Oil retailer Indian Oil Corporation (IOC) is expected to report standalone profit at Rs 3,013 crore for April-June quarter, down 19 percent compared with Rs 3,720 crore in previous quarter.
The fourth quarter FY17 was hit by lot of one-offs as there was Rs 2,100 crore worth employee cost revision, Rs 5,700 crore for entry tax provisions, Rs 2,600 crore for refining+ marketing inventory gains and Rs 1,500 crore in forex gains. IOC also booked a large deferred tax reversal in Q4.
Revenue during the quarter is seen falling at Rs 94,563 crore from Rs 1.22 lakh crore in previous quarter, according to average of estimates of analysts polled by CNBC-TV18.
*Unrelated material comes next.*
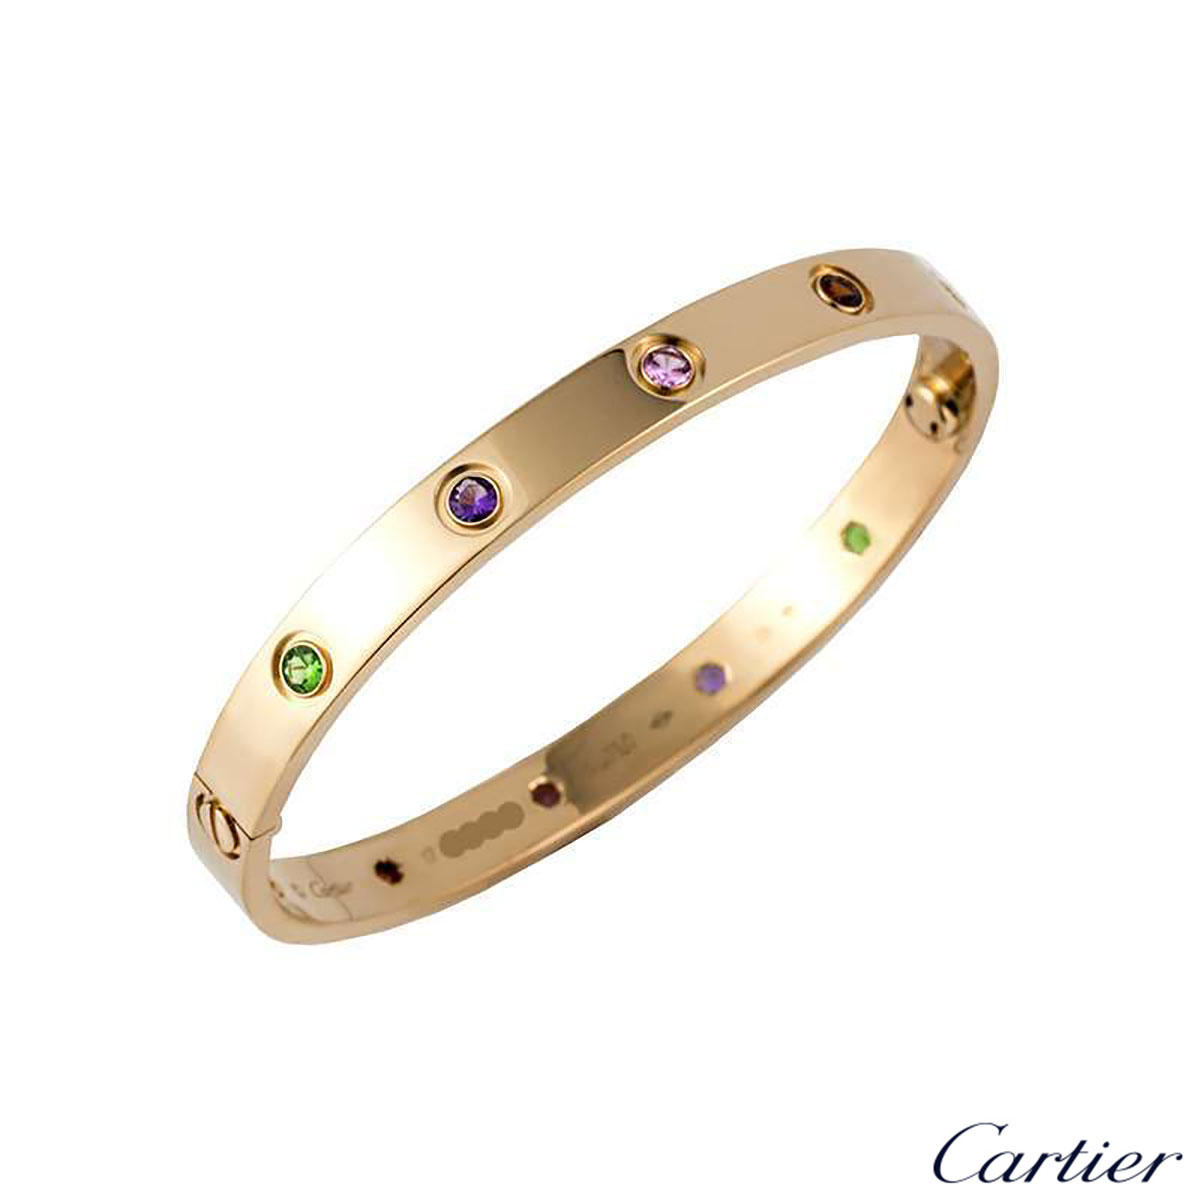 cartier love bracelet with stones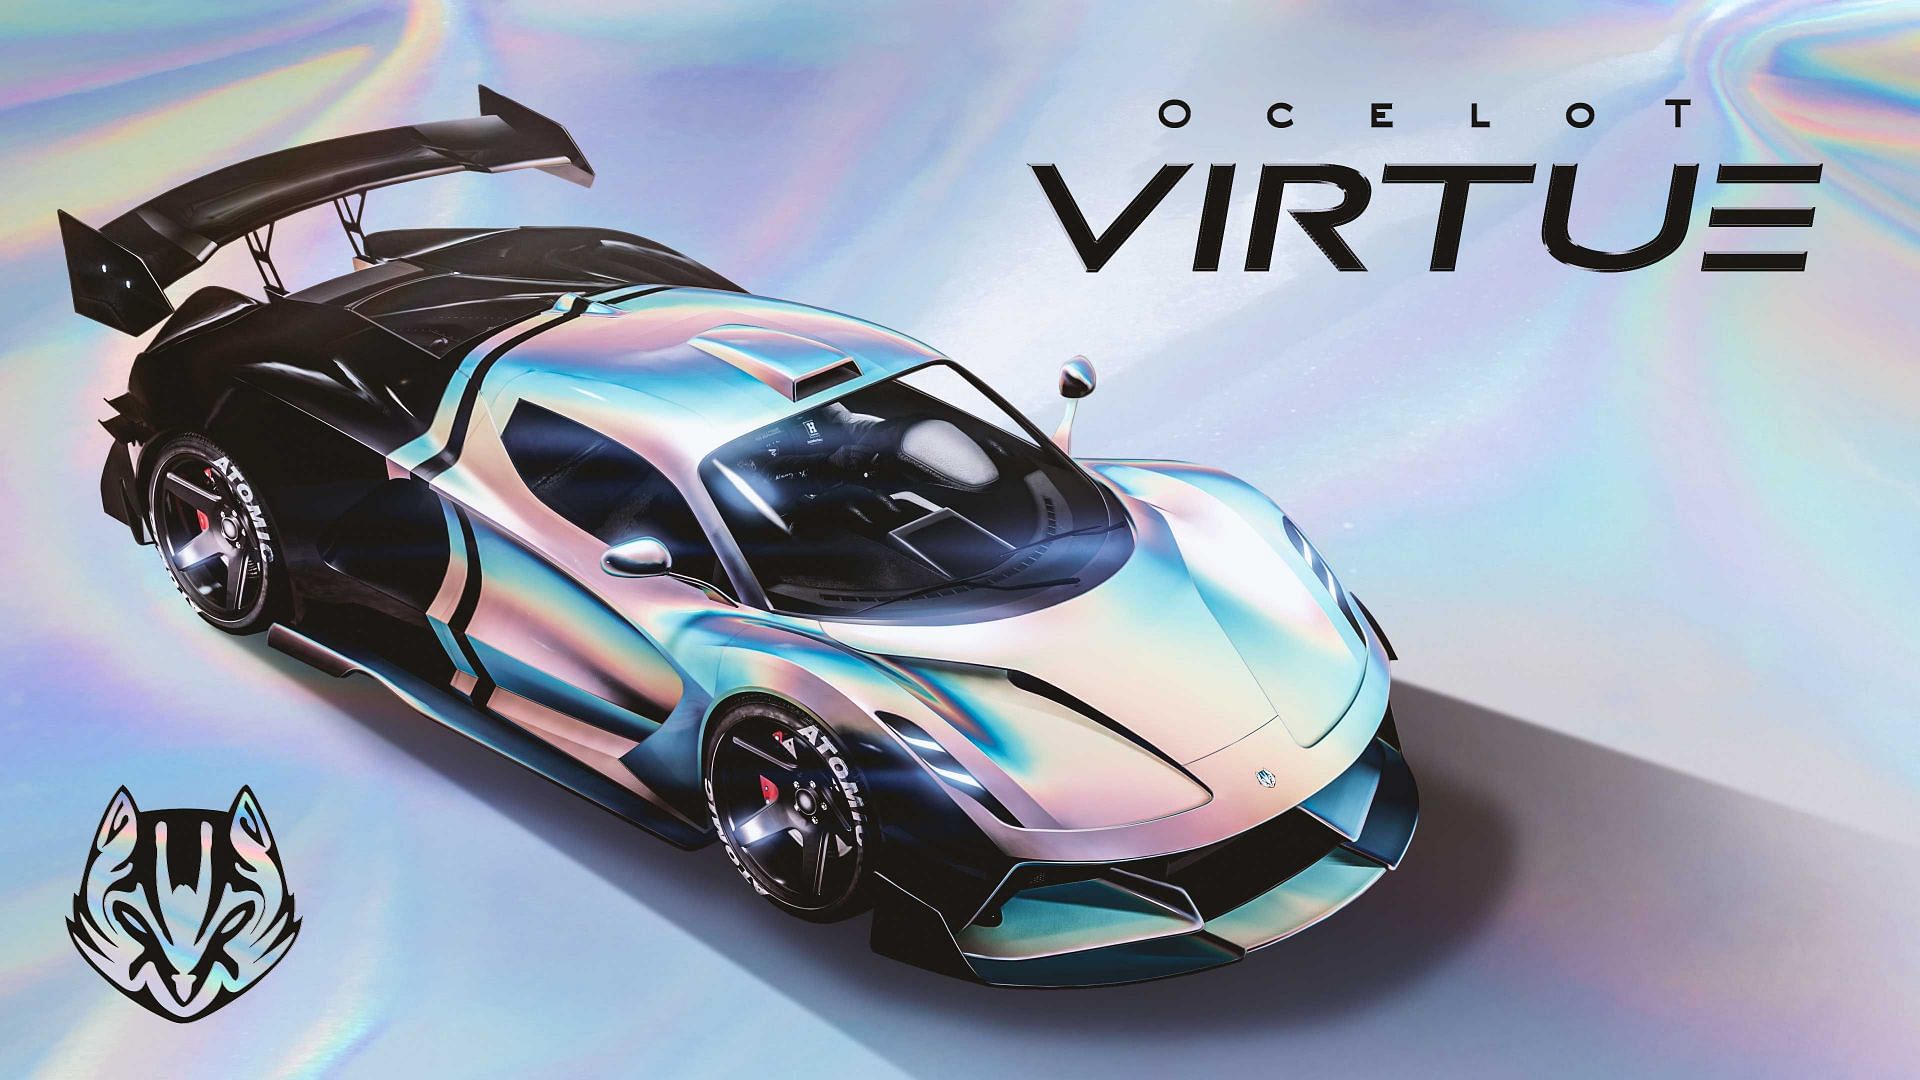 Official Ocelot Virtue poster (Image via Rockstar Games)

Operating profit is seen rising sharply to Rs 6,213 crore from Rs 4,408 crore and margin may expand to 6.5 percent from 4.4 percent on sequential basis.
Analysts expect gross refining margin of USD 4.6 a barrel (including inventory loss) for IOC in Q1FY18 against USD 8.9 a barrel in Q4FY17 (included inventory gain of USD 2/bbl)/
They expect refinery throughput at 17.9mmt for Q1FY18 against 16.1mmt in Q1FY17 and 17.1mmt in Q4FY17, higher due to contribution from the Paradip refinery.
Key issues to watch for would be utilisation of Paradip refinery, gross refining margin, capex plans and forex/inventory changes.